Gambar. Kurva Sigmoid | Sumber: www.herwinlab.com
Di era kepemimpinan Ignasius Jonan sebagai Direktur Utama PT Kereta Api Indonesia (KAI) meraka menyadari pentingnya transformasi teknologi, budaya kerja, bahkan tampilan pelayanannya. Pada awalnya datang sering telat kereta api, calo dimana-mana, belum lagi kebersihan tidak higienis. Yang dilakukan pertama kali adalah meningkatkan remunerasi, lalu meminta semua sumber daya karyawan yang ada untuk menjadi profesionalisme. Bak bak toilet mulai terisi air, kebersihan toilet diperhatikan. Dari 2008 KAI merugi Rp 80 miliar, dengan adanya transformasi sudah untung Rp 153,8 miliar.

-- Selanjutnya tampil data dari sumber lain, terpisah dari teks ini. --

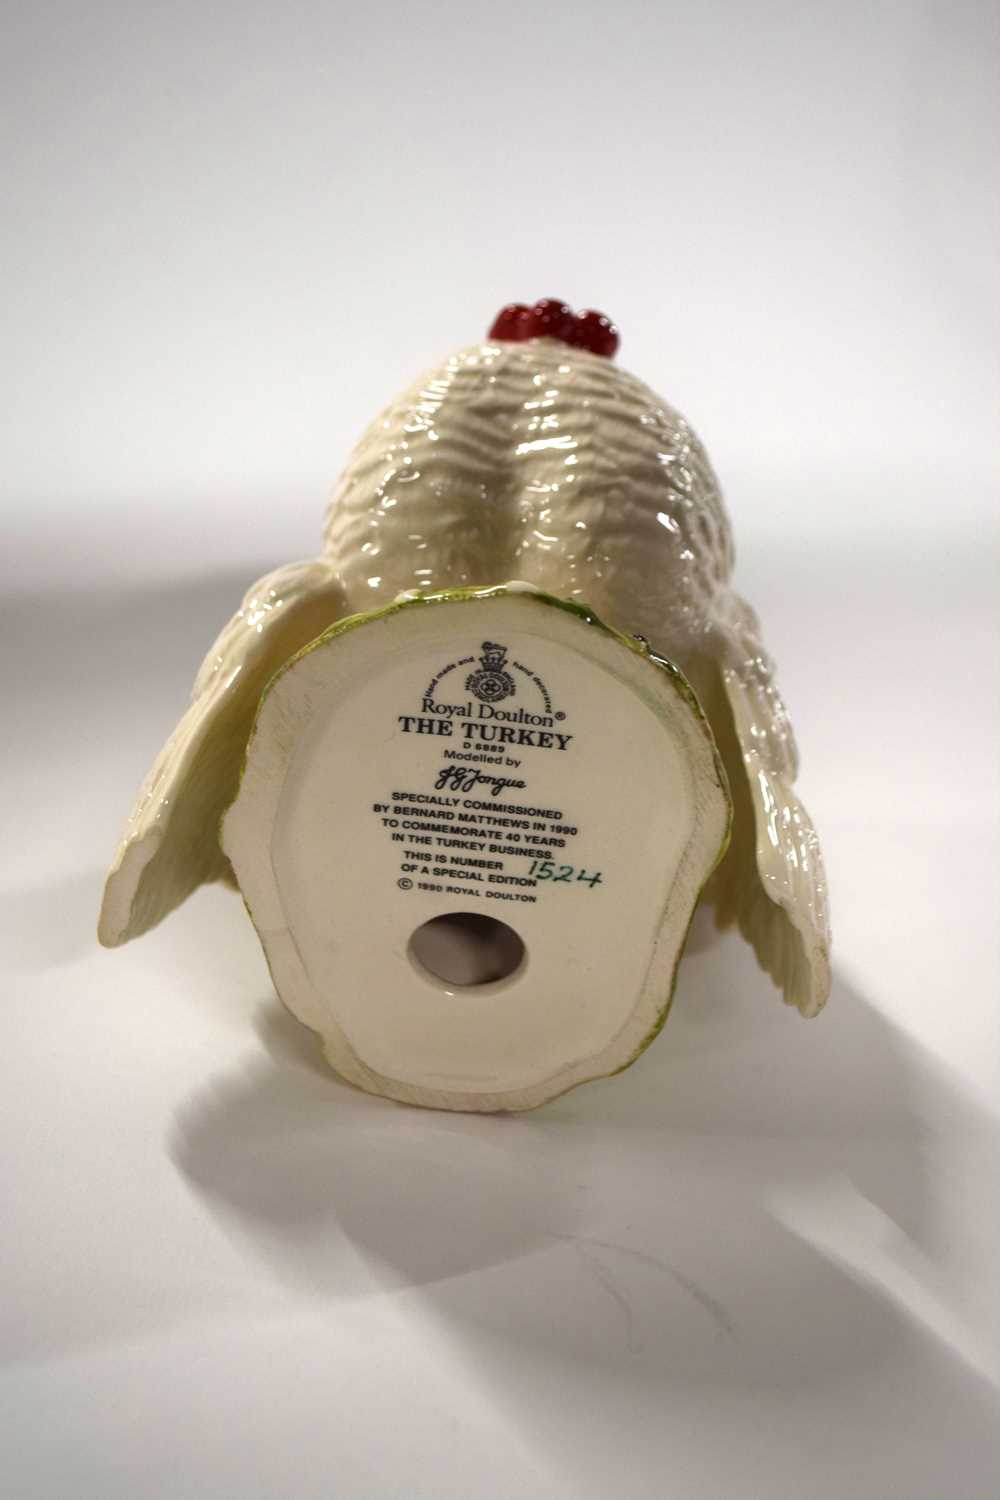 Royal Doulton Bernard Matthews Turkey - White Version - with cerificate and box. - Image 3 of 3

Faktor kunci untuk membuat dan membangun kurva Sigmoid baru ada beberapa hal sebagai berikut yang bisa dilakukan yang disebut 4M.
- Membangun Sense of crisis dan sense of urgency
Dulu kondisi Garuda Indonesia kasnya hanya 20 juta US dollar dan biaya operasional mencapai 60 juta US dollar. Dengan kondisi seperti itu masih banyak karyawan yang berpikiran itu bukan masalahnya dan berpikir pasti akan dibantu oleh pemerintah. Mereka berada zona nyamannya. Kondisi ini bisa diatasi dengan membangun sense of crisis seperti wajib membuat terobosan mulai dari yang harusnya pulang jam 4, maka jajaran managemen harus menunjukkan mereka dalam kondisi krisis seperti rapat atau bekerja melebihi jam nya bekerja.
Hal lain untuk membangun sense of urgency yaitu permasalahan hari ini diselesaikan hari ini. Jangan ada anggapan bahwa jika bisa diperlambat ngapain dipercepat. Anekdot seperti itu sering disematkan kepada pelayanan publik seperti oknum di PNS, walau tidak semua hal ini membuat citra semua PNS menjadi tercoreng.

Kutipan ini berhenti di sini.